Just as I started the 360° Energy Diet last week, a heat wave hits us for 4 days. Johannesburg experienced its hottest recorded temperatures, ever, for the month of October – 33.4°C (92.1°F). While it’s great for a tan, it’s not great for energy bills as our air conditioner was used for 2-3 hours every evening to bring the ambient temperature in the bedrooms down to 20°C (68°F).
During the course of the diet, points are allocated in 6 main categories: home, food, transportation, waste disposal & recycling, water use and what you buy. My initial score was 235 points with the best category being home (60 points) and the worst category being waste disposal & recycling (25 points). There certainly is room for improvement in all six categories, but there are items on the list I just won’t be able to tick off, at least for the next few years, i.e. use public transport. Each week for the next 6 weeks, I will comment on each category in more detail and how I have changed my habits, or plan to change them.
Category 1 – Home
Even though this is the highest scoring category, I believe I can make a big impact on the unticked item as well. Before starting the diet, I’d already identified that the halogen down lights had a high energy consumption but the costs to replace every halogen is going to cost about R9400 ($1175) for 47 LED’s. Subsequent investigation and advice from friends is that although LED’s are more efficient, they also get extremely hot at the back of the globe so it requires air circulation to keep them cool. The plan is to use CFL’s in the lounge and kitchen as they are mounted in concrete slab and to use LED’s in the bedrooms and bathrooms where there is more space in the roof.
Having moved into a newly built home in 2007, the geyser and surrounding pipes were insulated together with the entire ceilings in the upstairs rooms. I must say that it works well in winter to keep the warm air from escaping, but it doesn’t work that well in summer. As a result the geyser was turned down to the lowest possible setting of 50°C (122°F) and even that is too hot. Another installation during the construction phase was to have a timer installed at the distribution board to regulate the times the geyser is working.
In my previous post I mentioned the polystyrene boards placed in the concrete slab, which does wonders in keeping the floor temperature regulated, and thereby eliminating the need to underfloor heating. A photo during construction is shown (left).
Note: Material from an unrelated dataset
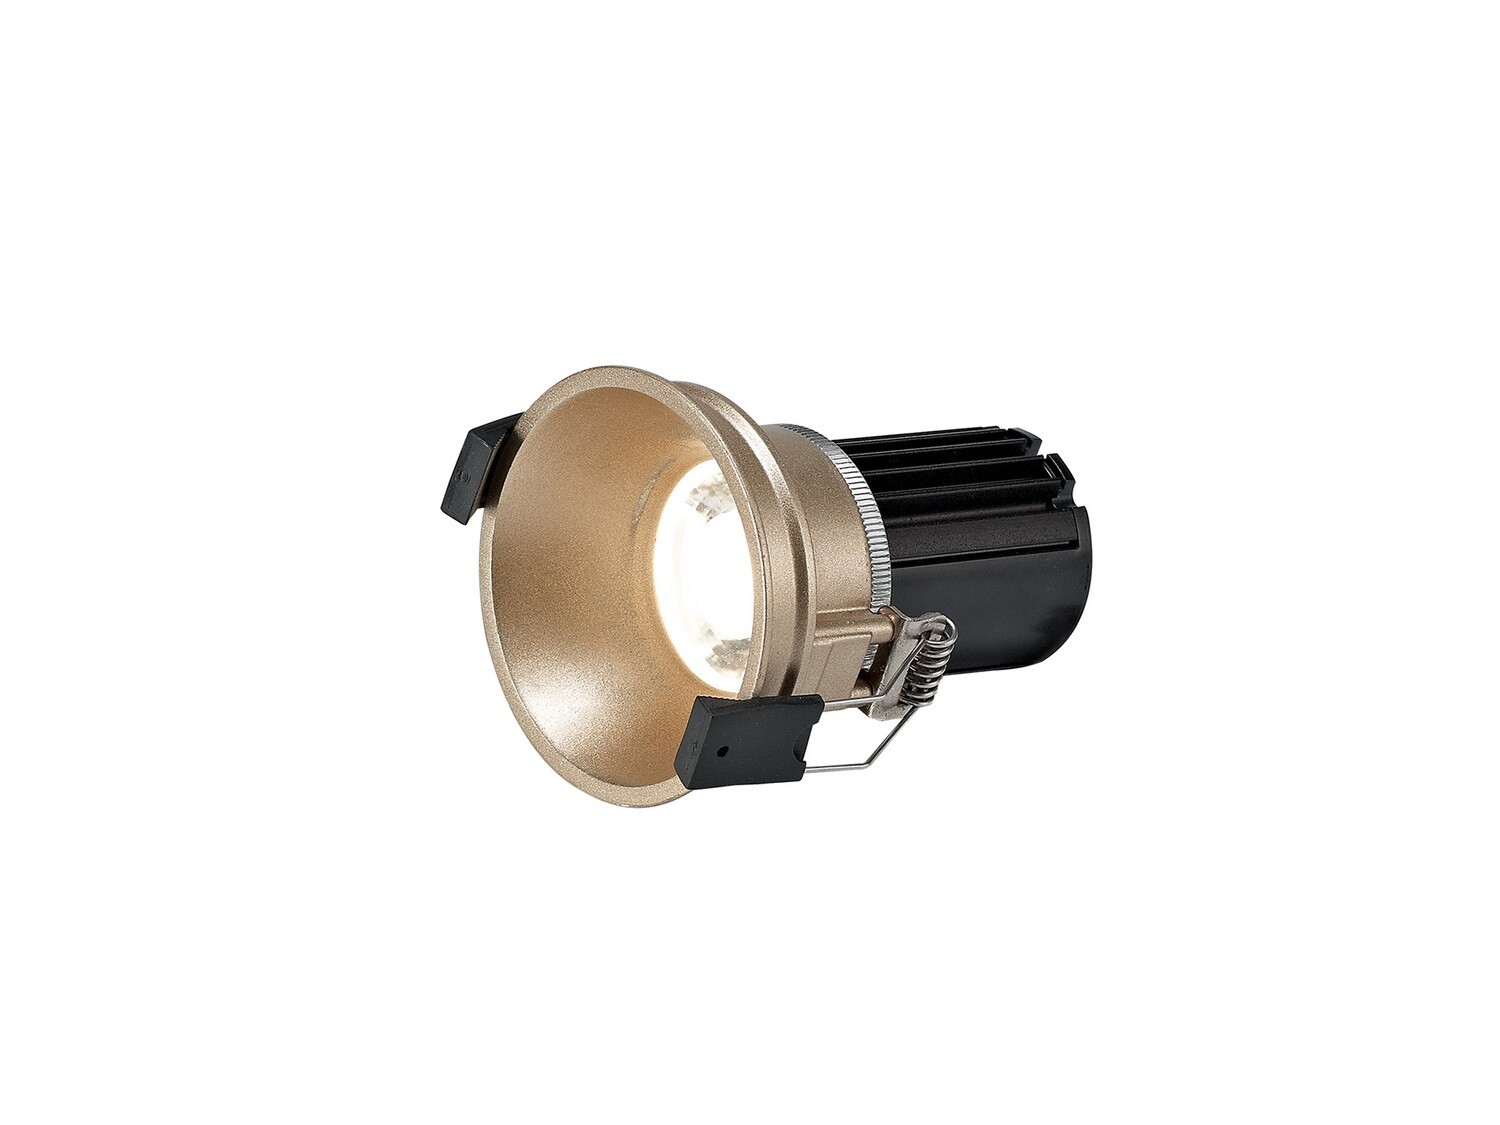 BANIA LED Spot-light 10W 810lm Gold

One advantage of living in South Africa is the weather – winter are dry and last about 3 months, with daytime temperatures getting as high as 20°C (68°F). Cold snaps last a few weeks at a time, but it’s seldom below 10°C (50°F) for long. That means we get to hang the washing outside and let the sun do the hard work. One of the disadvantages of living in South Africa is the lack of double insulation in buildings, resulting in wasted energy in heating and cooling various rooms.